• [TASK GOAL]
Please transcribe the listing that follows exactly; images are to be excluded.

DATA EXCERPT: Begin

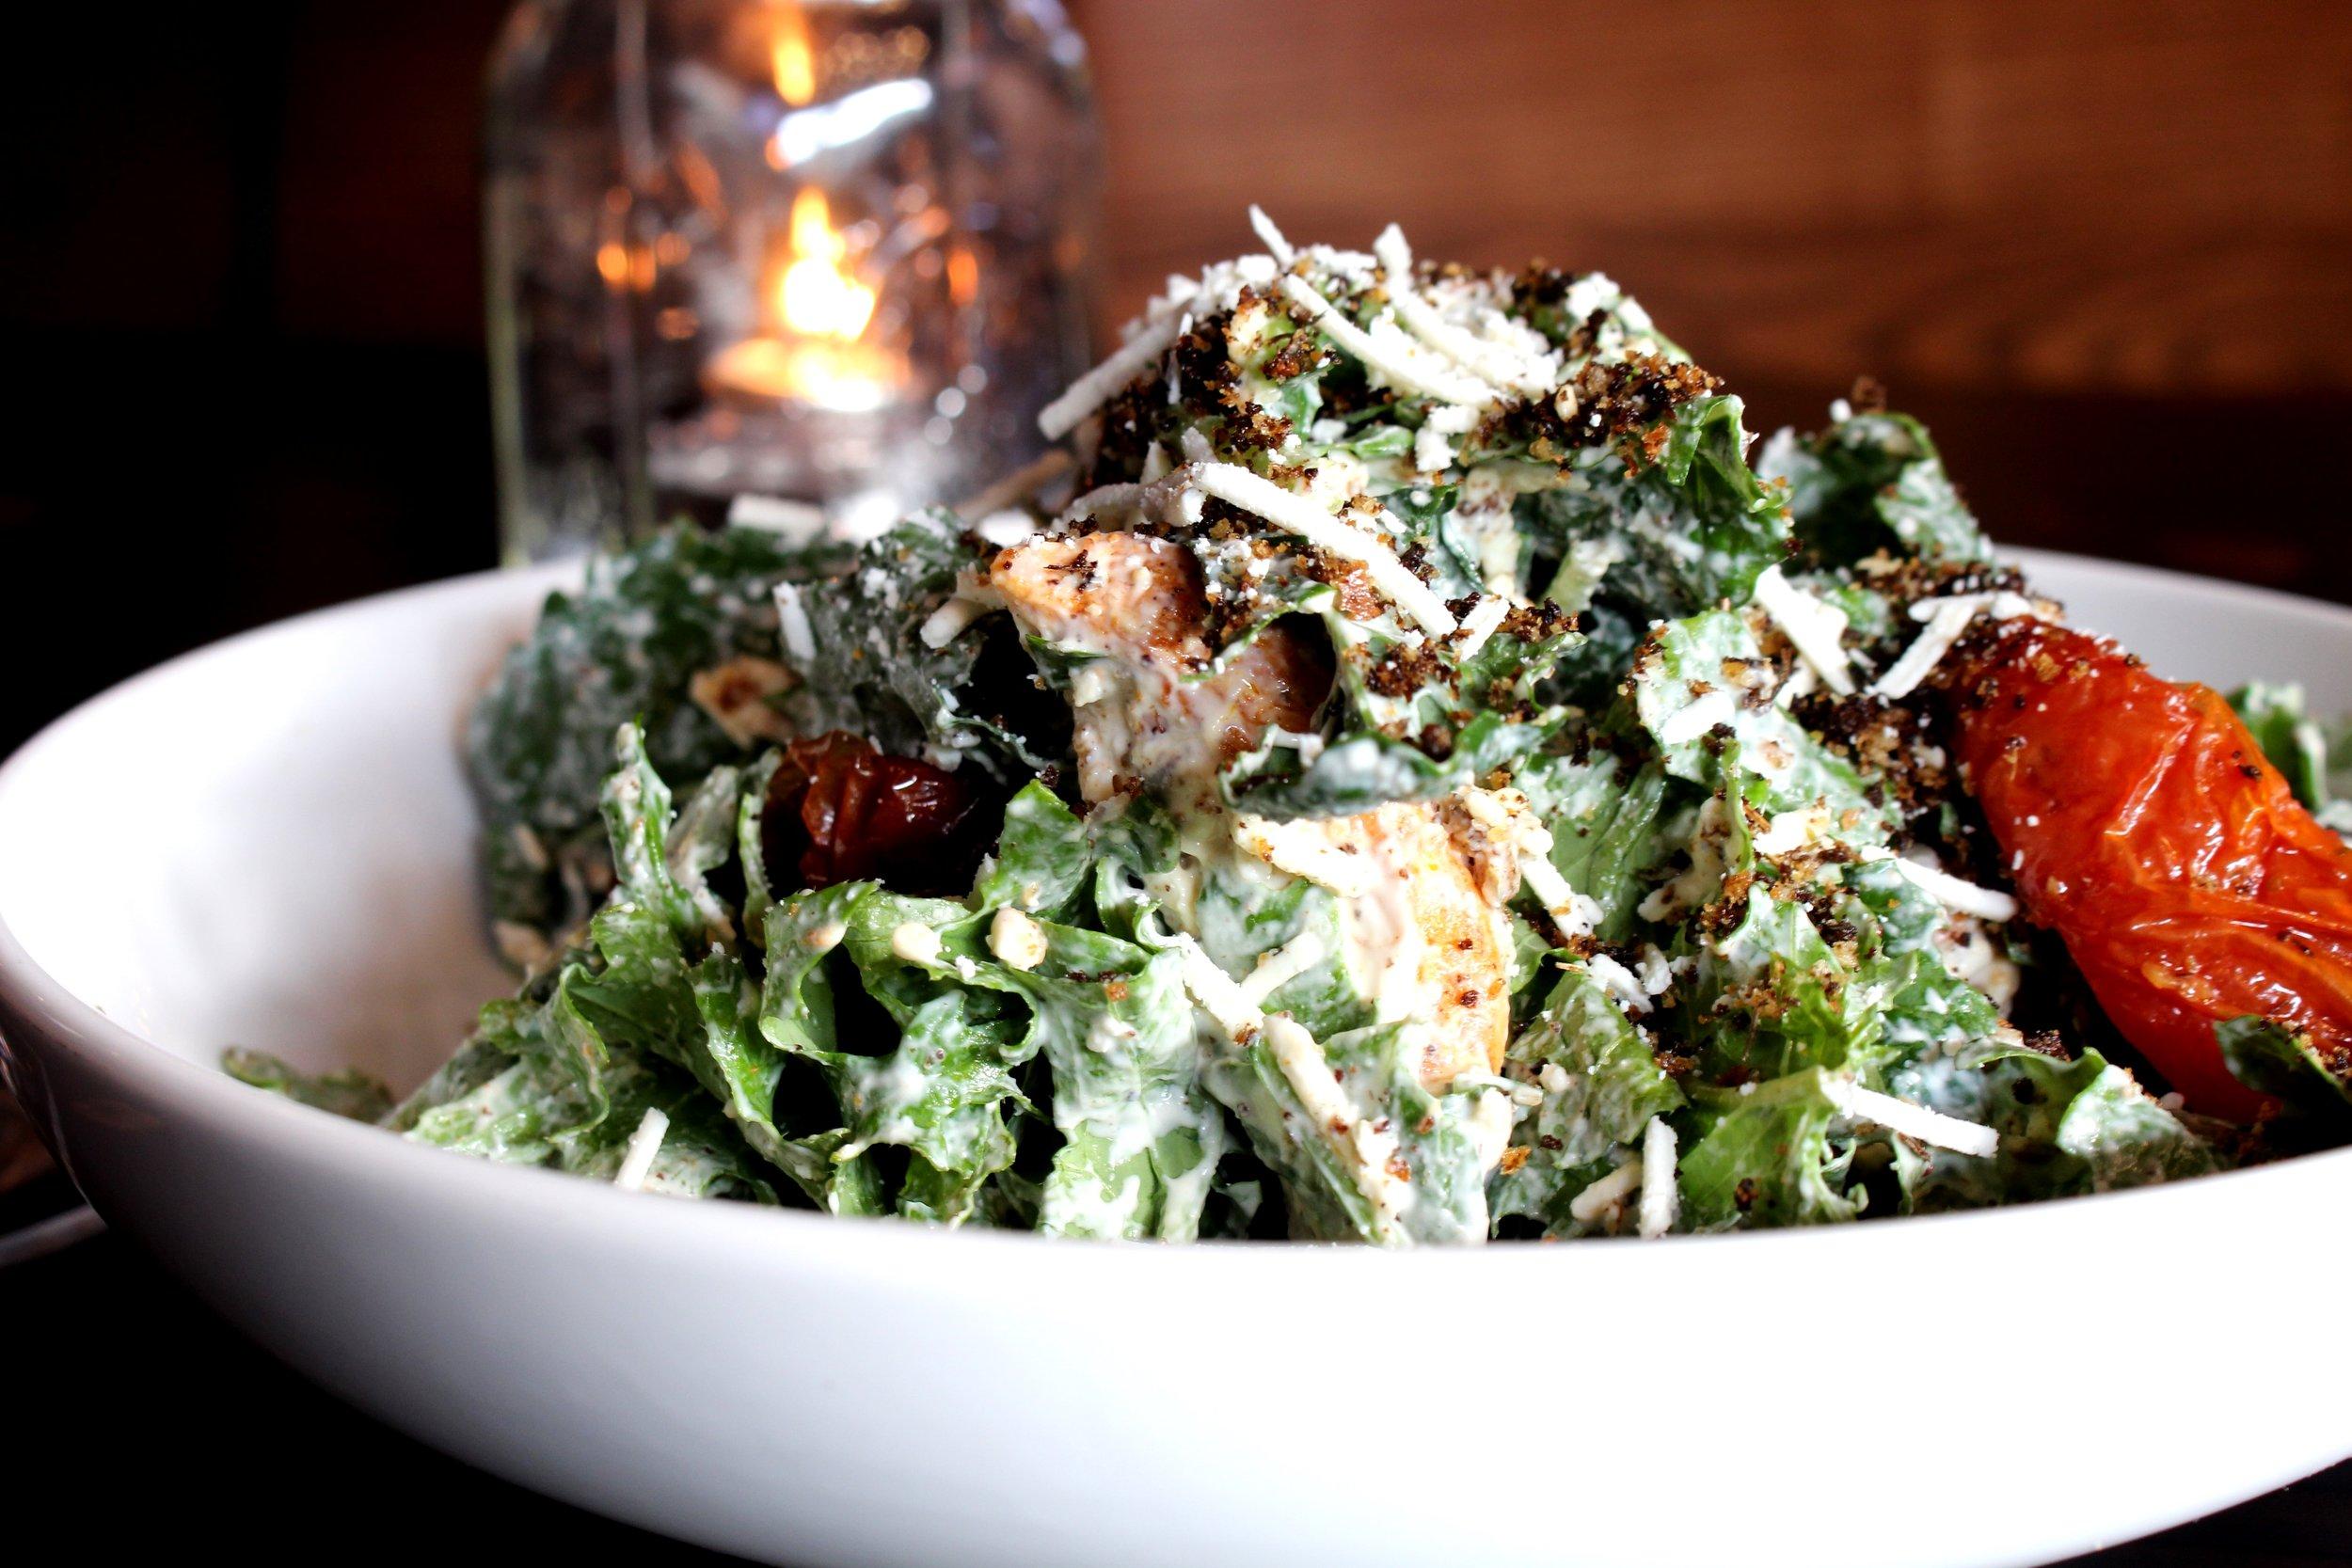 Heart Kale Smoked Chicken Salad
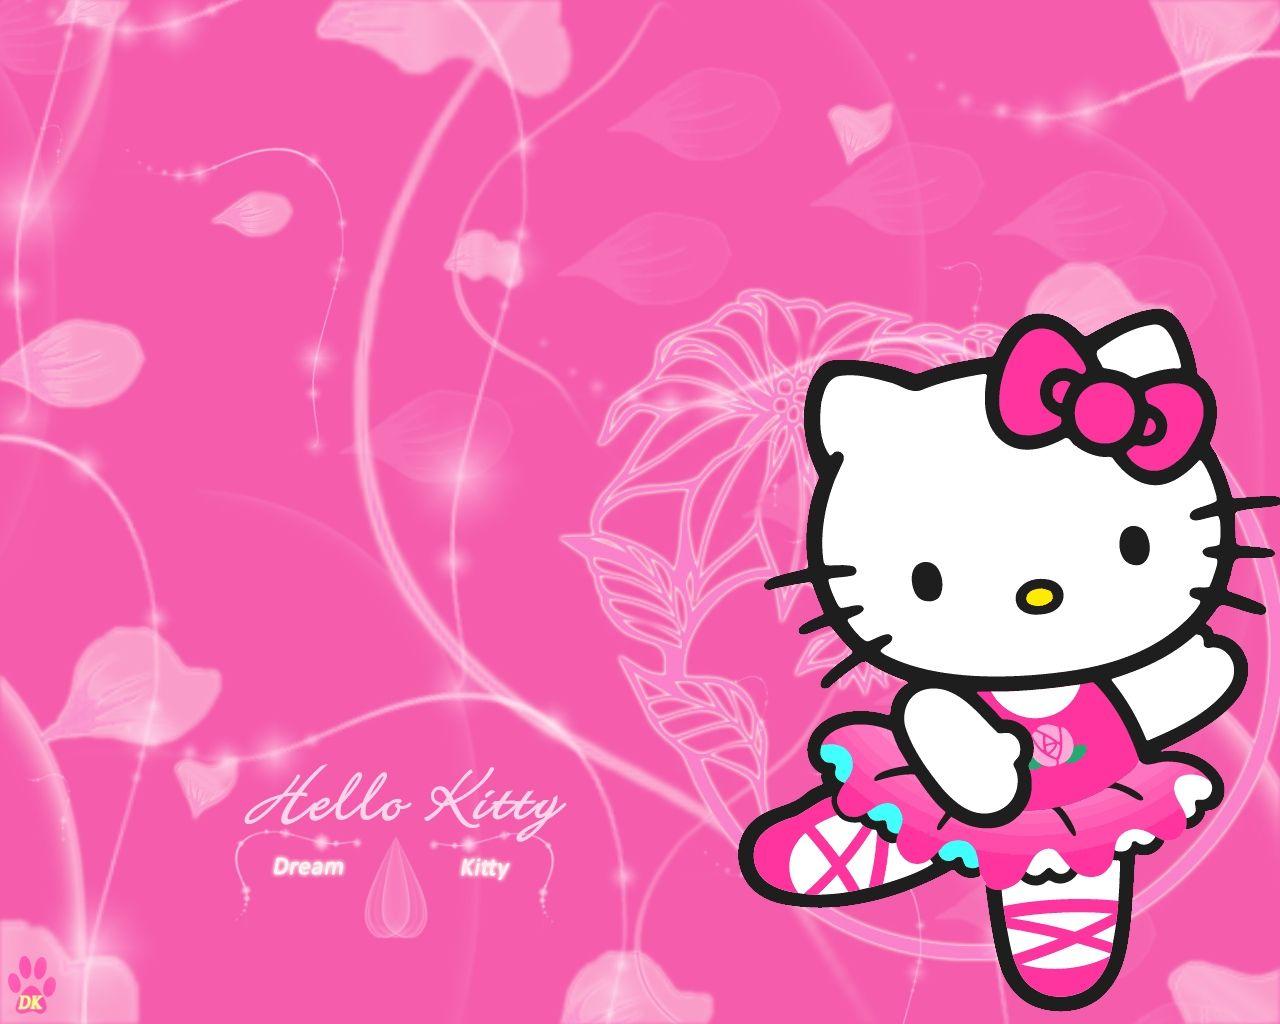 Good Wallpaper Hello Kitty Cute - 75c80f19d7a2de8595834a3eb077a4ac  Trends_659766.jpg
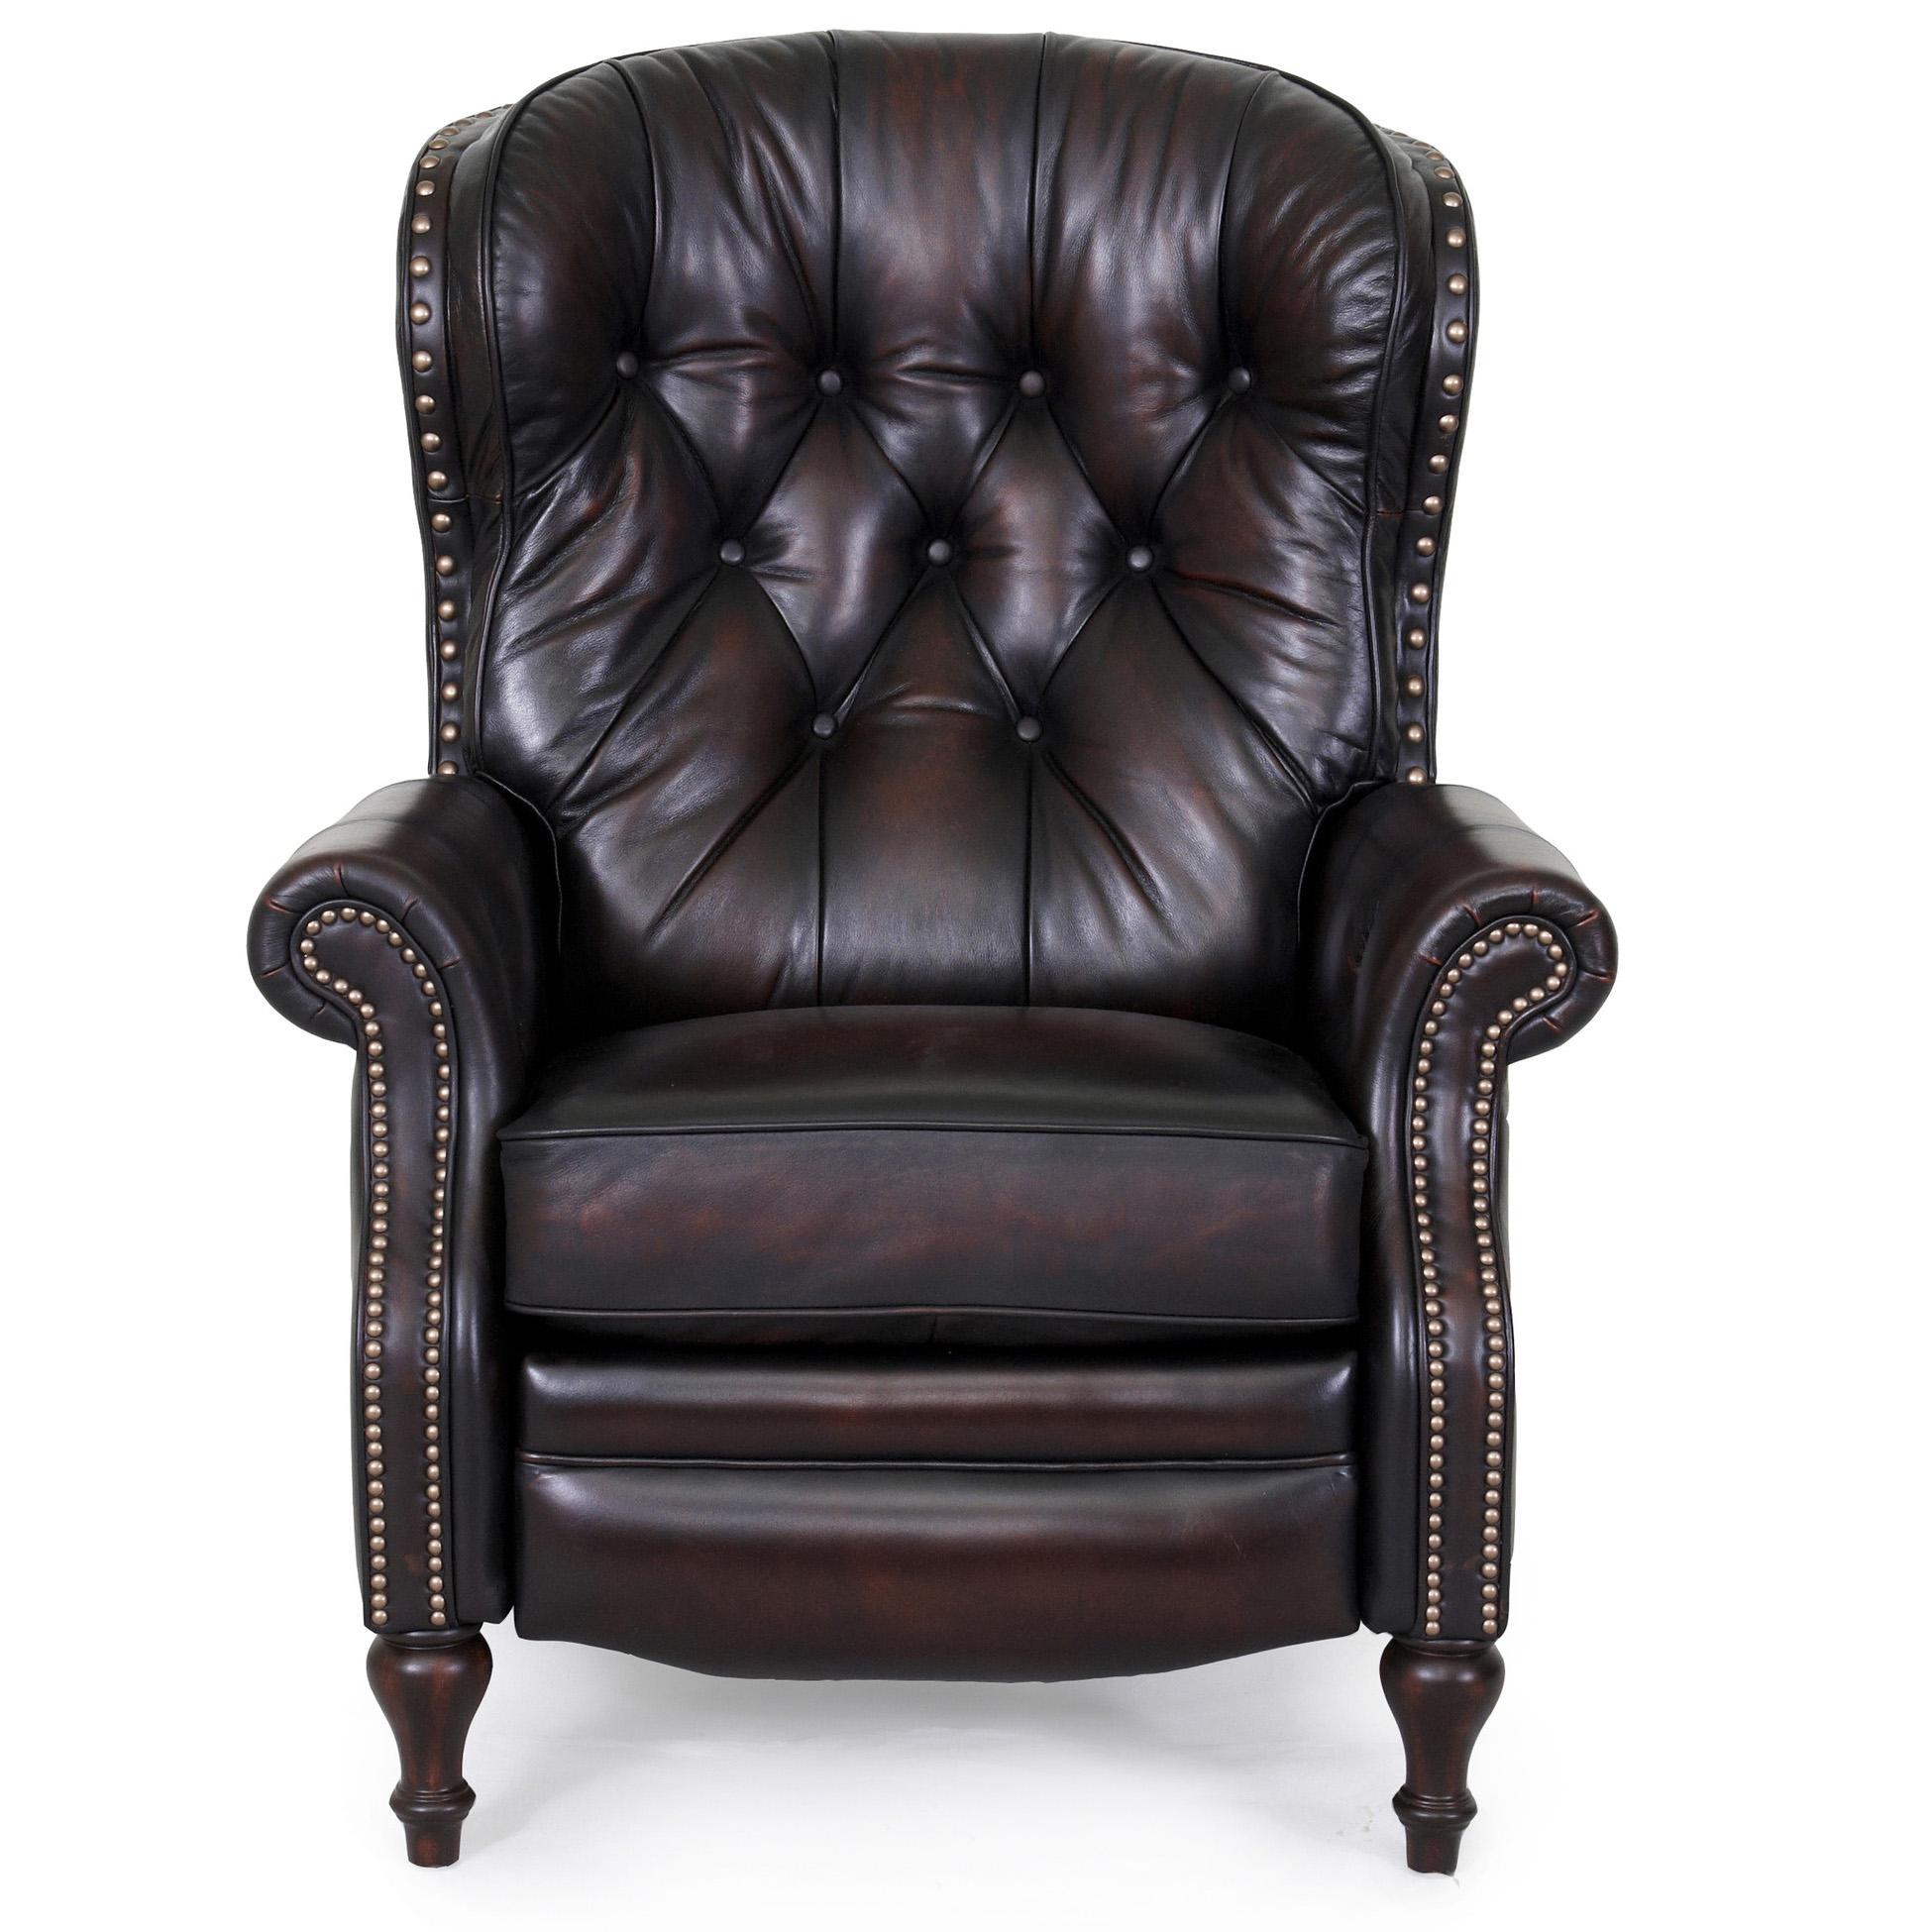 Barcalounger Kendall Ii Recliner Chair Leather Recliner Chair

DATA EXCERPT: End

• [RESULT]
 Heart Kale Smoked Chicken Salad
 Good Wallpaper Hello Kitty Cute - 75c80f19d7a2de8595834a3eb077a4ac  Trends_659766.jpg
 Barcalounger Kendall Ii Recliner Chair Leather Recliner Chair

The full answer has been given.